General characteristics
- Type: Submarine
- Displacement: 1,850 t (1,820 long tons) standard; 3,600 t (3,500 long tons) submerged;
- Length: 72.0 m (236 ft 3 in) pp
- Beam: 9.9 m (32 ft 6 in)
- Draught: 7.5 m (24 ft 7 in) max
- Propulsion: 1-shaft diesel-electric; 2 × Kawasaki-MAN V8V24/30AMTL diesel engines; 3,400 bhp (2,500 kW) (surfaced); 7,200 shp (5,400 kW) (submerged);
- Speed: 12 knots (22 km/h; 14 mph) surfaced; 20 knots (37 km/h; 23 mph) submerged;
- Test depth: 200 m (660 ft)
- Complement: 80
- Sensors & processing systems: ZPS-4 surface search radar; ZQQ-1, ZQQ-2, ZQQ-3 passive sonar; SQS-4, SQS-36J active sonar;
- Electronic warfare & decoys: ZLA-5 ESM
- Armament: 6 × 533 mm (21 in) torpedo tubes; Type 89 torpedoes;

= Uzushio-class submarine =

Submarine class of the JMSDF

The Uzushio-class submarine was a series of seven submarines in service with Japanese Maritime Self Defense Force during the Cold War between 1972 and the mid-1990s. They were the first generation of the teardrop type submarine that valued the underwater performance against that of the preceding conventional-hull type . Many were converted to training submarines (ATSS) towards the end of their lives.
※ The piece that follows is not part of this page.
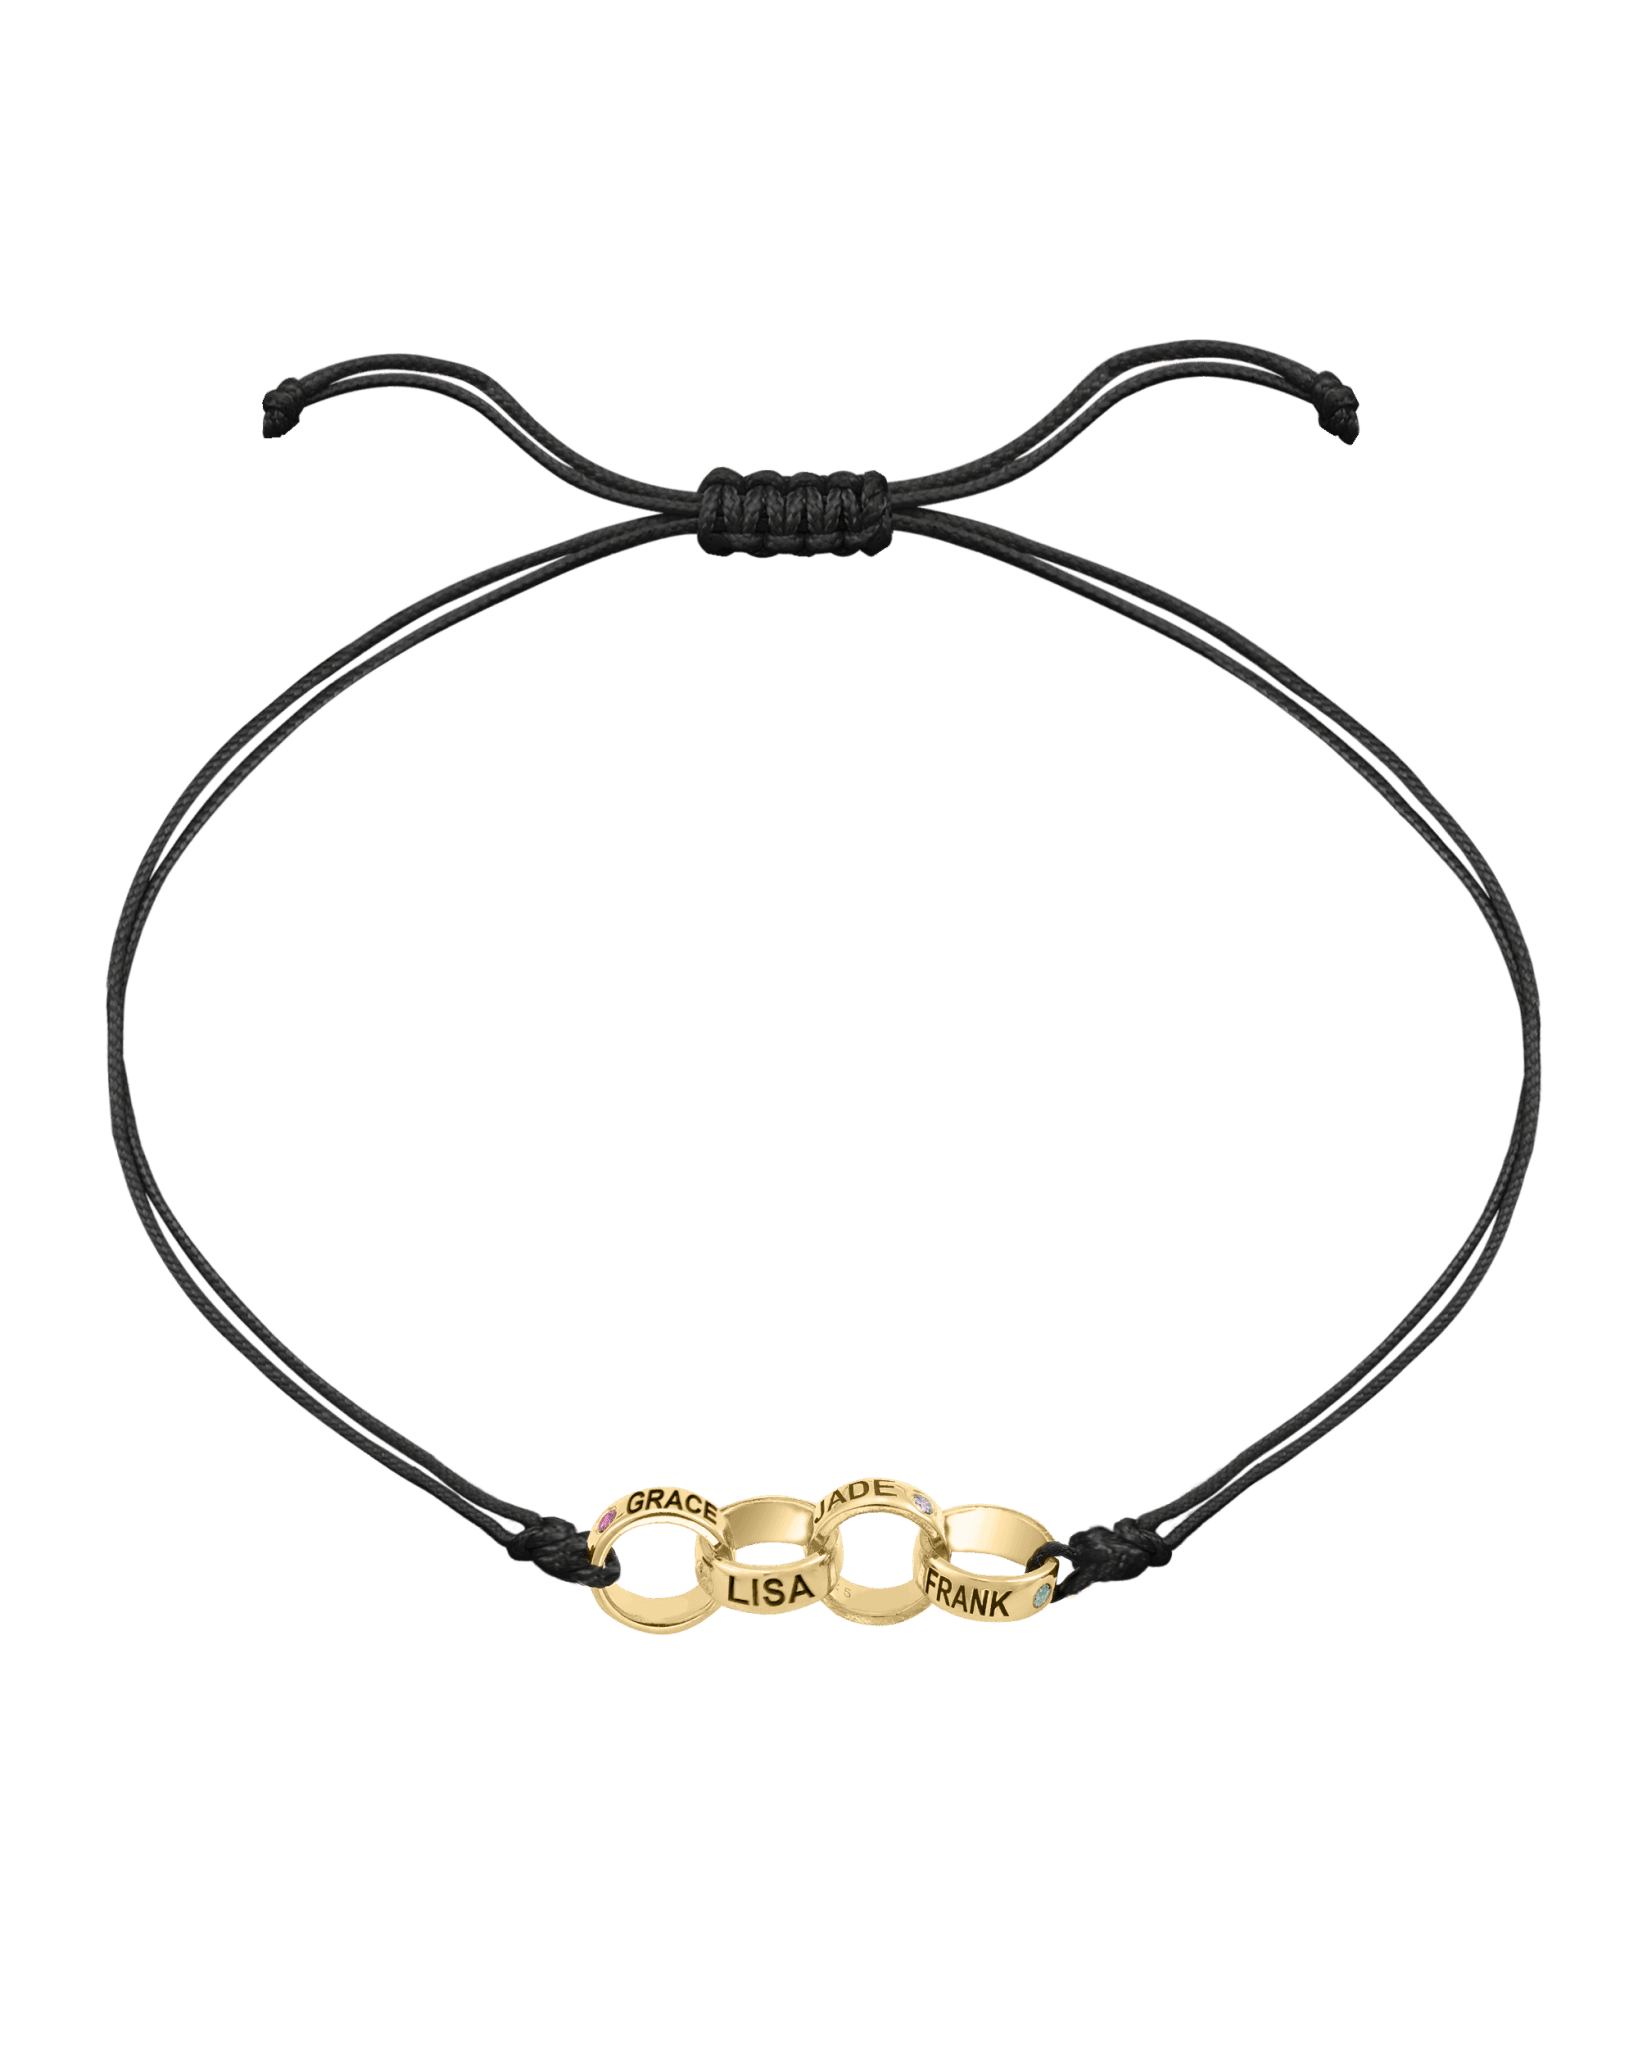 Engravable Links of Love - 18K Gold Vermeil Bracelets magal-dev 
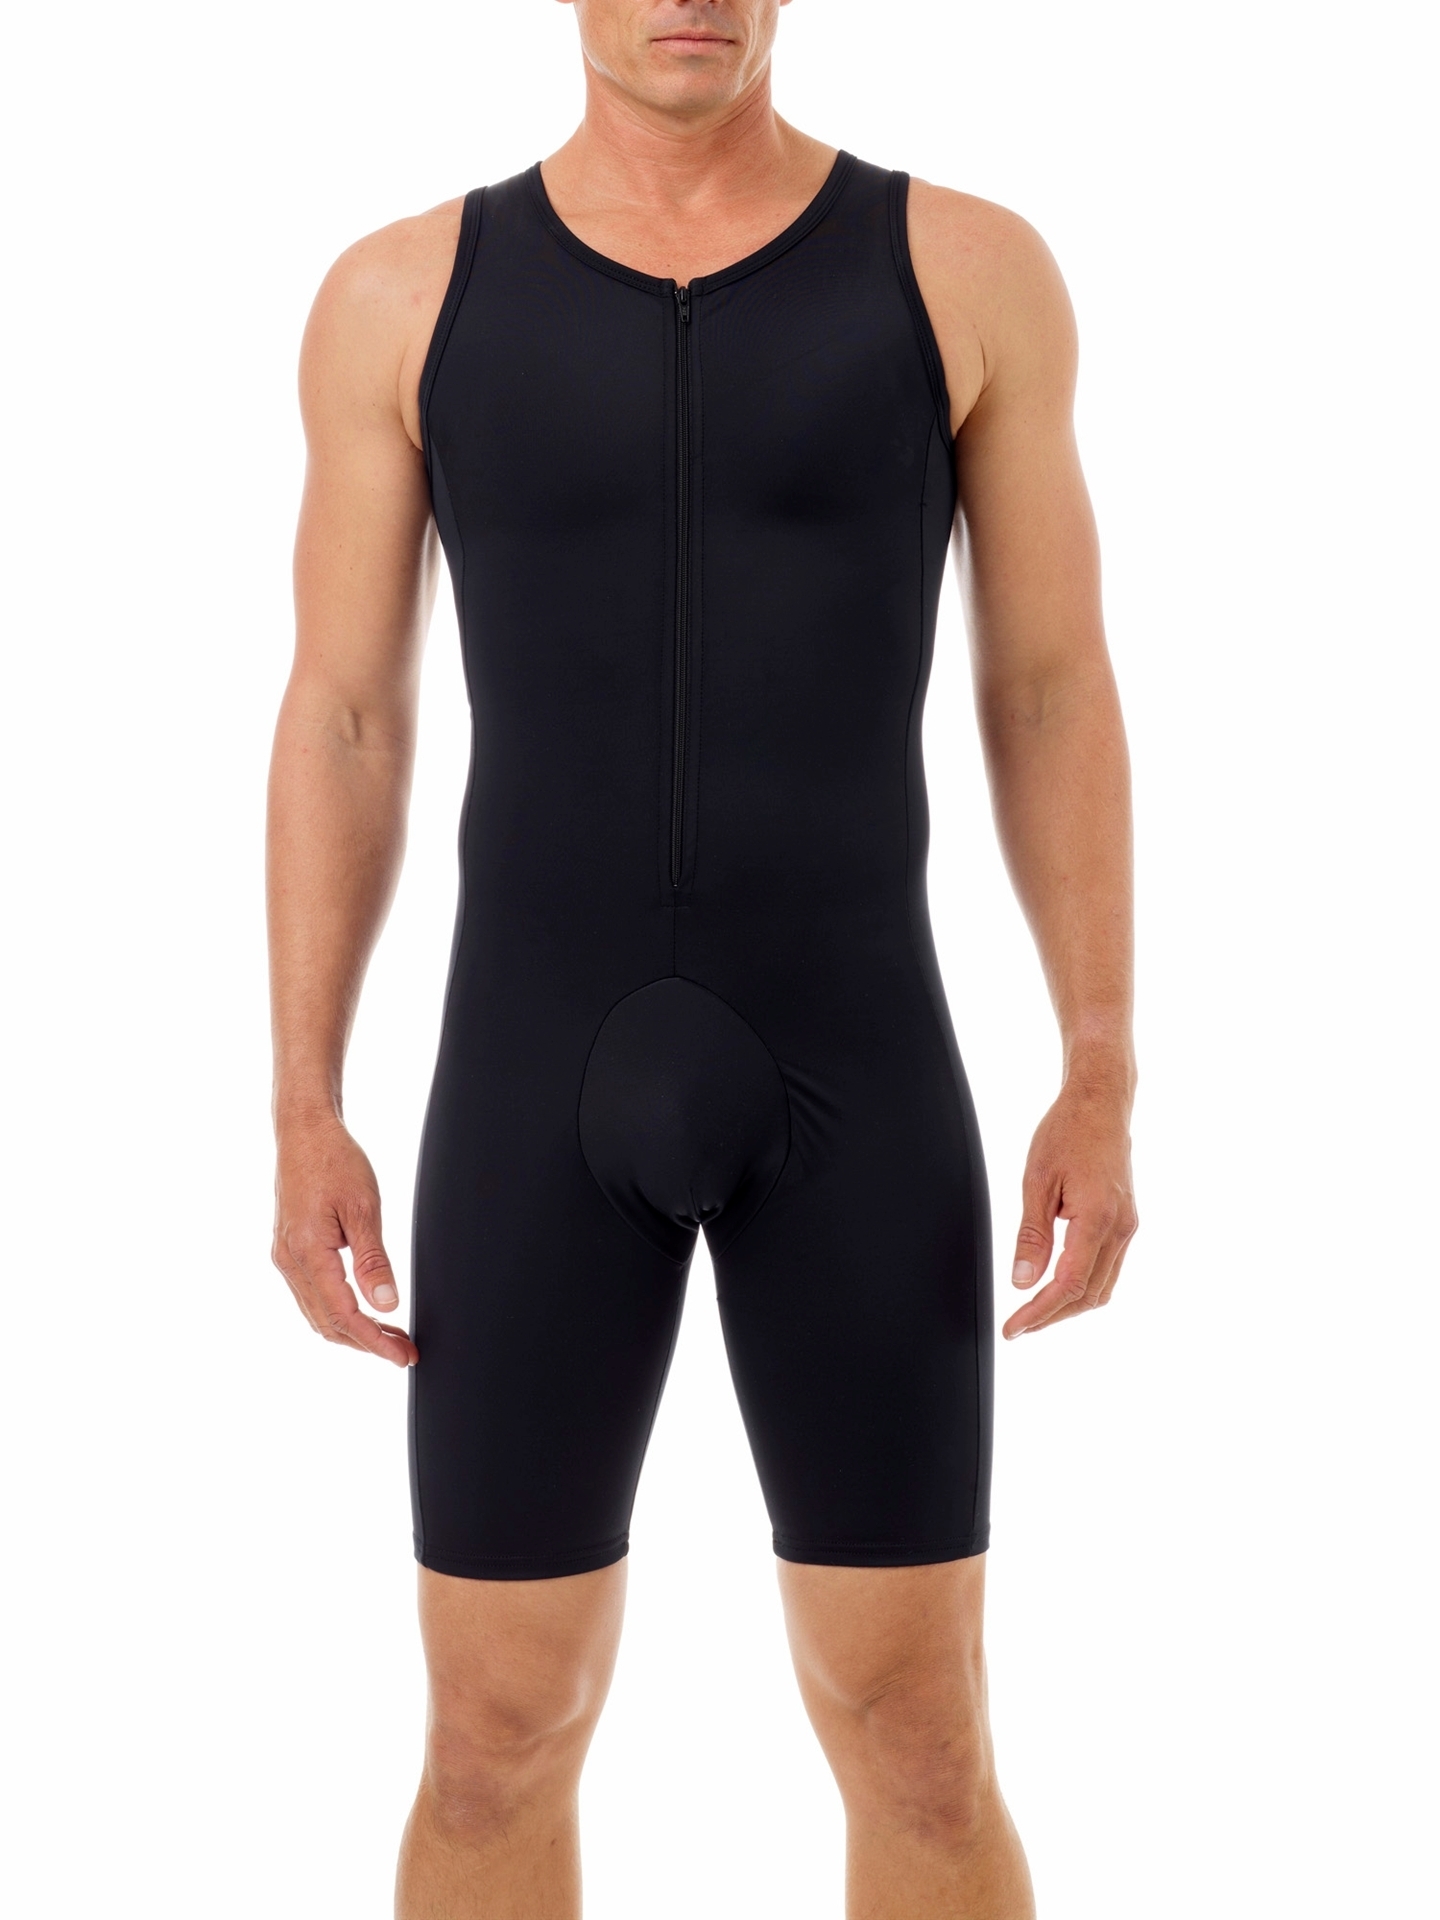 Underworks Mens Concealer Compression Swimsuit - Black - S

==General characteristics==
The Uzushio class was the first Japan Maritime Self-Defense Force submarine design to incorporate the teardrop hull. The Uzushios had a double hull construction which used NS-63 high-tensile steel to allow for a deeper diving depth of 200 m. The submarines measured 72.0 m long between perpendiculars and 9.9 m at the beam. They had a maximum draught of 7.5 m and had a standard displacement of 1850 t and a 3600 t displacement when submerged. (Note: Sharpe has the tonnages as 1850 t standard, 1900 t surfaced and 2430 t submerged.)

The submarines were powered by a diesel-electric system composed of two Kawasaki-MAN V8V24/30AMTL diesel engines and two electric motors turning one shaft creating 3400 BHP surfaced and 7200 SHP submerged. (Note: Sharpe has the submarines with only a single electric motor.) This gave the boats a maximum speed of 12 kn surfaced and 20 kn dived. The submarines incorporated a separate emergency blowing system to all the vessels to surface rapidly and had a 3D automatic steering system which combined automatic depth and automatic direction maintenance systems.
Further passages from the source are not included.